When Ansett went belly-up in September 2001, only hastily developed contingency plans, a lot of hard yakka and heaps of teamwork prevented Air NZ’s IT ­infrastructure from sharing the fate of its doomed Australian counterpart.

It should have been the day a long-held dream was finally realised. By mid-September 2001, Ansett and Air New Zealand’s IT infrastructure and operations finally should have been integrated, consolidated into a single data centre running out of Melbourne. Intended to be the glorious culmination of months of careful planning and preparation, the move to a common data centre would have completed a major stage in a projected three-year program of work on moving the two airlines to common systems and processes. Celebrations were planned.

Instead, with the public announcement of Ansett’s collapse on September 12, just a few days before the new data centre was to have been fully commissioned, Air New Zealand’s (Air NZ) dreams of IT integration were well and truly shattered. Not only would the data centre merger not now take place, Air NZ group vice president strategy and planning Andrew David was facing major headaches to keep his own airline’s IT operations sound.

“It had been obvious for some time that both Air New Zealand’s and Ansett’s systems needed replacing,” David says. “Before the collapse there was a program of work under way to integrate both companies’ IT infrastructure, which had actually all but happened. We were a few days away from having one data centre in Melbourne when it all went belly up.

“We’d already saved a sizeable sum. We had quite an extensive integration program under way, and we had a program planned over a three-year period to move to single systems, single business processes right across the two airlines, and we had made significant progress. We’d gone to single suppliers.

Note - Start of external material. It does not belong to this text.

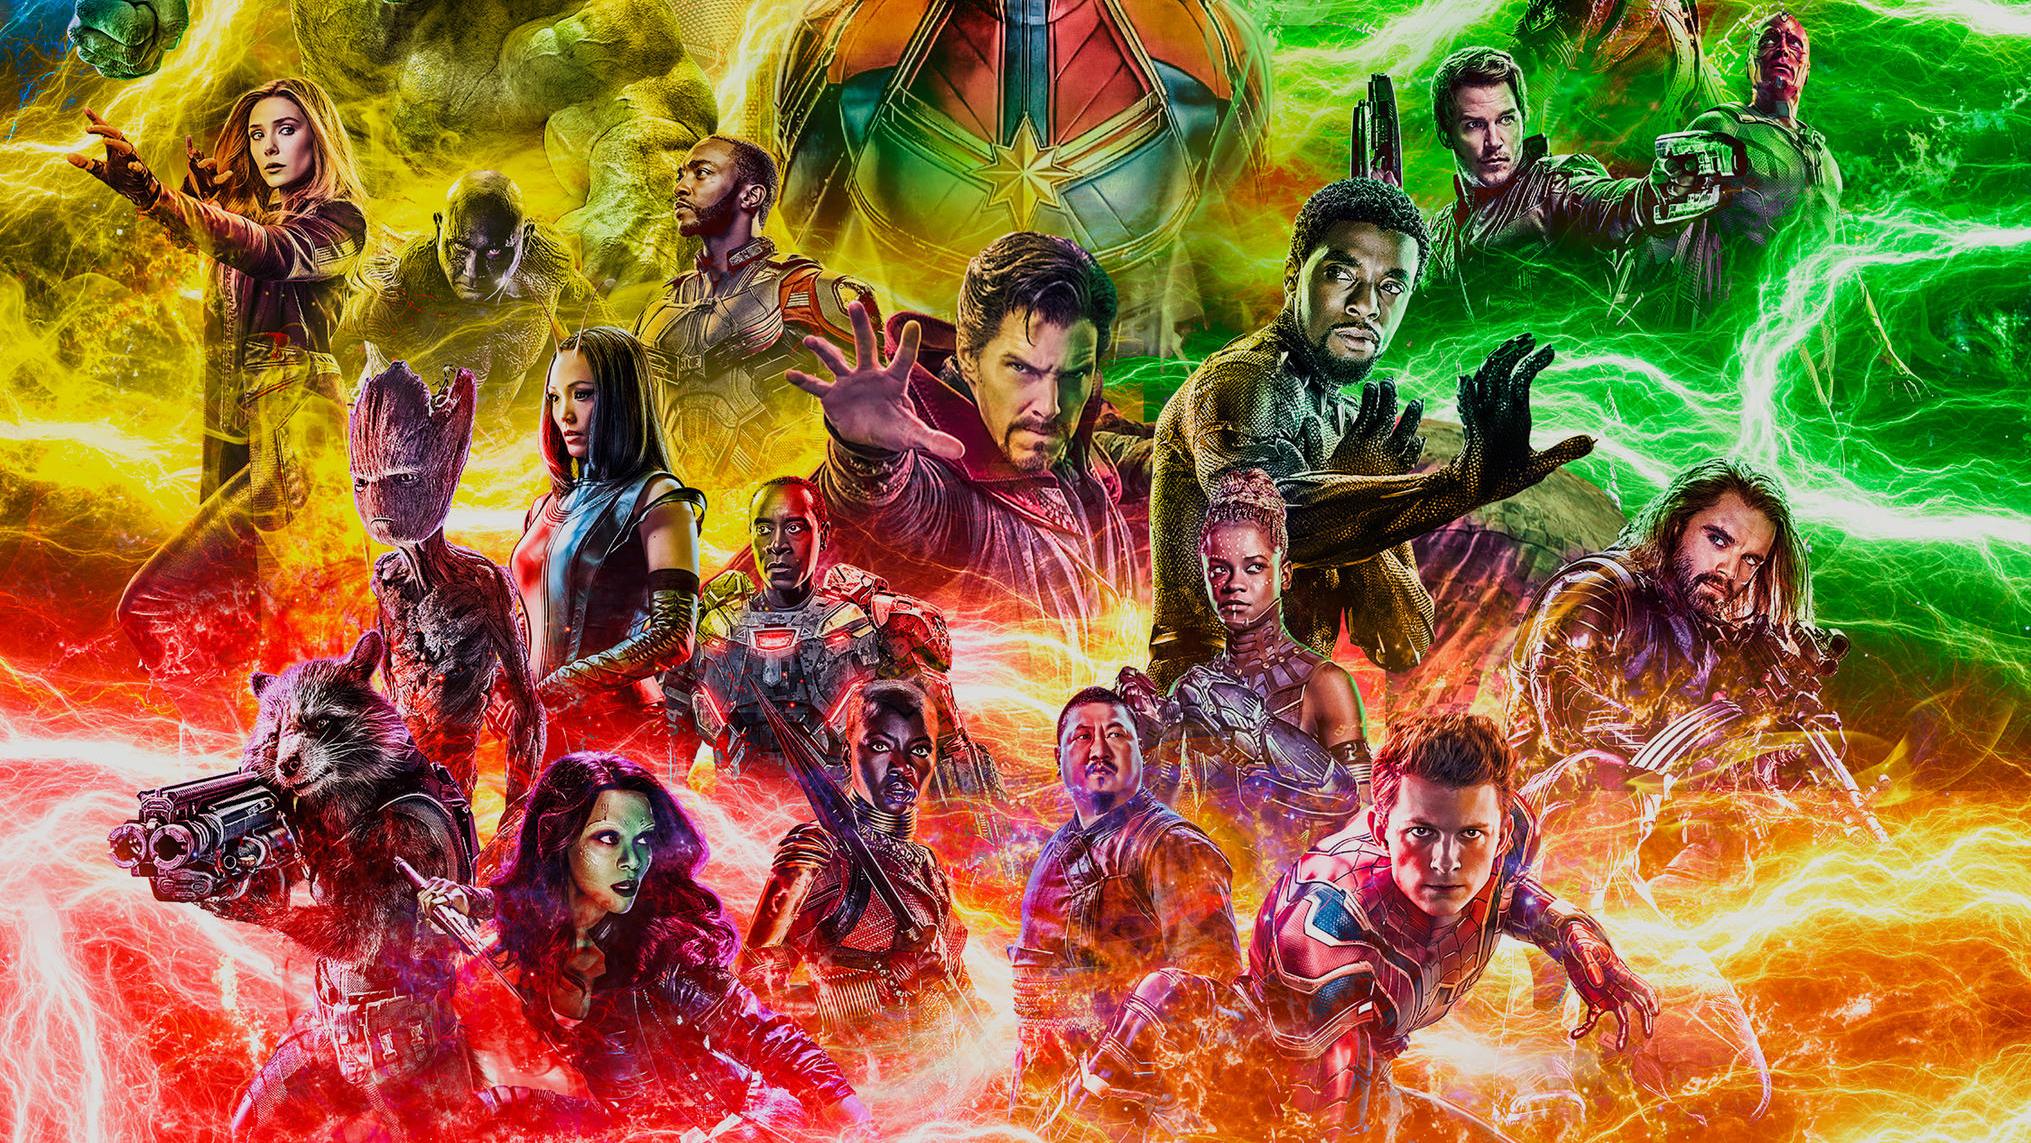 Wallpaper Avengers Endgame Avengers 4 Hd Movies 16872: Avengers End Game Fan Artworks, HD Superheroes, 4k

We were all but ready to turn the switch on in the data centre in Melbourne and turn off our Auckland data centre.”

Then Ansett collapsed and Air NZ found itself devoting the next six months to efforts to breathe life back into the Auckland data centre. Instead of helping the 500 staff in Melbourne settle into their roles, David was forced to begin an immediate program of rebuilding, to secure the information Air NZ needed to survive. And he abruptly found himself facing the biggest test his leadership had ever faced.

“I had 500 staff in Melbourne. I felt they were part of my team,” David says. “I was in Melbourne, and had to work through that process with 500 staff and manage it the best I could.”

Wider Fallout

When the airline — which had its beginnings as a regional operator and grew to be one of the best known and respected domestic carriers in the world — collapsed some 13,000 jobs were lost, as well as many regional services considered essential to country areas.

Commentators have blamed Ansett’s demise on various causes, from government deregulation and competition policy to predatory pricing by Qantas and serious mismanagement by a long line of Ansett directors. Its impact has been clearer, starting with the $10 ticket tax designed to secure Ansett employee redundancy payments and visible in the new life given by its demise to the ambitions of new contender Virgin Blue. However, the internal fallout on Air NZ, and particularly its IT infrastructure, has been less well publicised.

David says the collapse of Ansett potentially exposed Air NZ to major risk. In the end, only some hastily developed contingency plans, a lot of hard work and the good will of vendors saved Air NZ from much more serious consequences when it had to change direction abruptly on the data centre merger.

Fortunately the IT team received some warning shortly before the collapse that Ansett’s future was looking shaky. That meant limited contingency plans were at least already in place for a rapid regroup back to the Auckland data centre. The steps needed to ensure Air NZ had the capacity to continue to run its systems had been outlined, however sketchily. Even so, David says, both the head of IT infrastructure and chief technology officer had to work very, very hard to achieve continuity.

“We did have for a period of time some problems with performance of the systems and we were exposed for a period of time where we didn’t have what I call a robust, stable platform with appropriate fall-back facilities. We now have all that in place. It took us about three or four months to recover properly but we’re now back to the situation where we have a very, very stable platform,” he says.

Best Laid Plans

When the merger between Air NZ and Ansett was sealed in August 2000 and Air New Zealand acquired 100 per cent of Ansett, it rapidly became clear that for the two airlines to be consolidated as quickly as possible they needed a single set of business processes and a single set of business systems supporting those processes. To that end David ran a series of workshops with staff from both sides of the Tasman designed to examine both airlines’ current capabilities, rated according to best practice, functionality delivered to the business and cost.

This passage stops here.